They’ll need to know the expected time savings and whether these affect fractions of roles or entire roles. You should also consider timeframes in each area, and how these compare to natural attrition, retirement and contract expiration timescales. They’ll also need to know recruitment pipelines, so hiring can be slowed or redirected rather than abruptly frozen, as well as redeployment opportunities and the skills required for new or expanded roles such as AI oversight, data literacy, and creative problem-solving.
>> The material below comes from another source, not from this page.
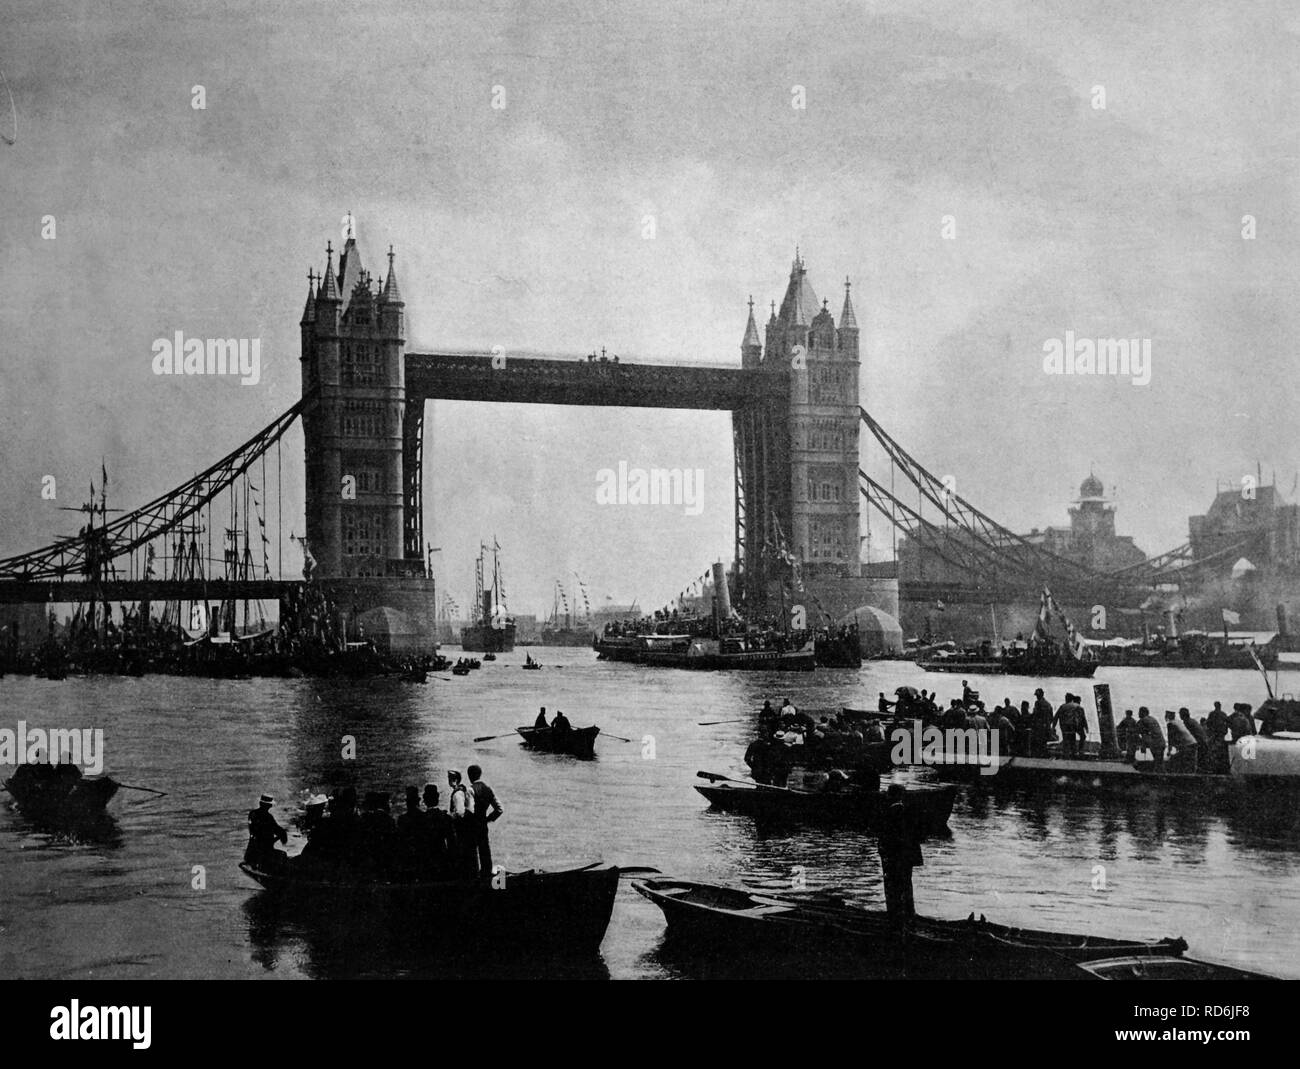 London scapes Black and White Stock Photos & Images - Alamy

This will impact much of what follows.
Enablement, not displacement
Responsible AI should augment human judgement and not replace it – freeing people from repetitive work. But to achieve this, it needs to be accompanied byreskilling and digital literacy programmes that enable employees to work effectively with AI systems. Success should be measured in terms of human productivity and satisfaction, and not headcount reduction.
Transparent and ethical
Everyone involved with AI, from developers to decision-makers, must understand what AI can and cannot do. Build a culture of AI literacy and ethical awareness supported by specific training on responsible data use, bias awareness, and explainability. Employees using AI outputs should be able to interpret and justify its decisions, especially in regulated sectors. Staff must appreciate that humans remain accountable for AI-assisted outcomes and feel confident challenging algorithmic decisions without recrimination.
Inclusion and fairness
Similarly, fairness and inclusion must be embedded in your use of AI. These systems will typically maintain or increase any biases in training data, so utilise diverse teams in AI design and validation. Train models with diverse data sets and monitor for bias, especially in HR, credit, or customer-facing use cases.Treat governance of AI fairness with the importance of a workplace equality and diversity issue, rather than a technical issue.
Planet
AI’s benefits should also be considered in the context of its environmental impact and sustainability. During training AI models can consume significant energy, and operationally AI infrastructure has a significant carbon footprint. But with the right actions, this can be mitigated.
Opt for energy-efficient architectures
Data centres powered by renewable energy, with liquid cooling, and using energy-optimised GPUs (Graphic Processing Units) and ASICs (Application-Specific Integrated Circuits) are more energy efficient. Also consider scheduling AI workloads to optimise power use.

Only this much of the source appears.